At this point, Van Helsing knows that Dracula is trying to take Mina. The two confront each other in Dr. Seward's house. Their battle of wits, which ends when Dr. Van Helsing exposes Dracula to a mirror (a weakness that was created by Stoker), sets the final battle in motion. The first shot comes when Dracula attempts a full frontal attack on the Seward house. His attempts to hypnotize Dr. Van Helsing are defeated by yet another crucifix, but Van Helsing's bravery does not stop Mina from removing the protective wolfbane in her room. Once clear, Dracula hypnotizes Nurse Briggs (played by Joan Standing) into opening the window. He then takes Mina back to Carfax Abbey, where he's followed by Renfield, Van Helsing, and Harker.
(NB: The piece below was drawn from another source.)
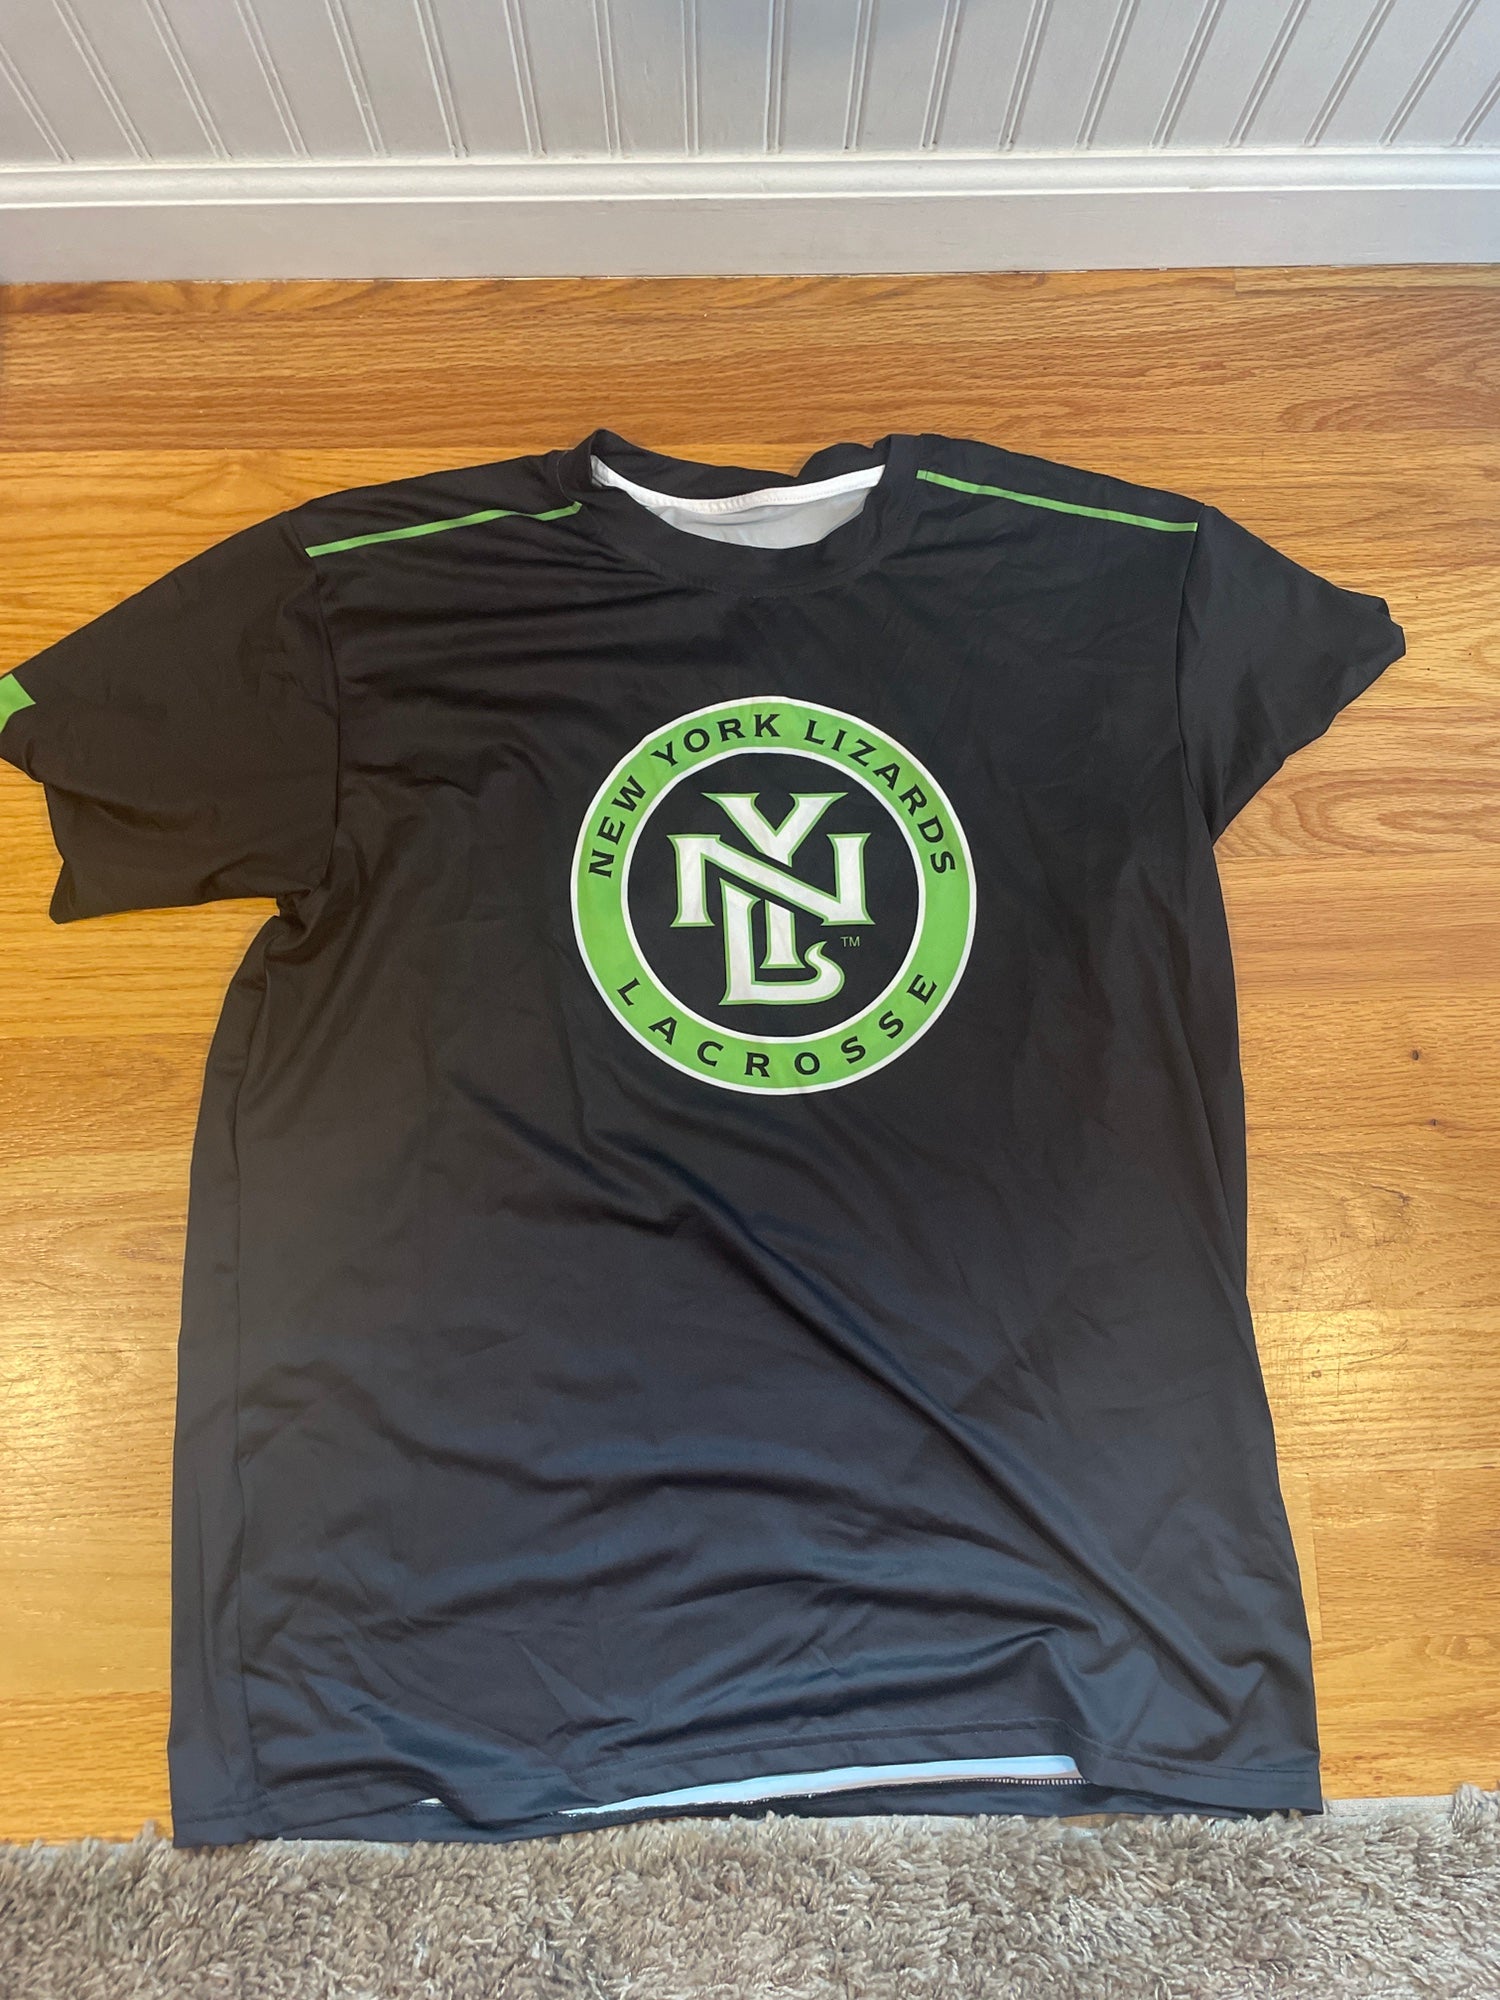 Powell Lacrosse - New York lizards Shooter Shirt -Black New Large Jersey

Realizing that Renfield led Van Helsing and Harker to the abbey, Dracula kills him by throwing his limp body down a series of stairs. It's an unnecessary death, for it's already too late for the undead count. Van Helsing and Harker break in and soon discover Dracula asleep in his native soil. Off screen, Van Helsing stakes Dracula. All the audience hears is the vampire's protracted death moans, which, before the Production Code revised the film, were apparently longer. The staking of Dracula releases Mina from his enthrallment, and thus the film ends with her and Harker walking into the light of day.
Put simply, Dracula is the grandaddy of great American horror. It remains the quintessential vampire film, and without question Lugosi's performance presents the definitive Dracula. Everyone after him, even the great Christopher Lee, walked in his shadow. You can say the same thing about most horror films after Dracula. The film is just that important.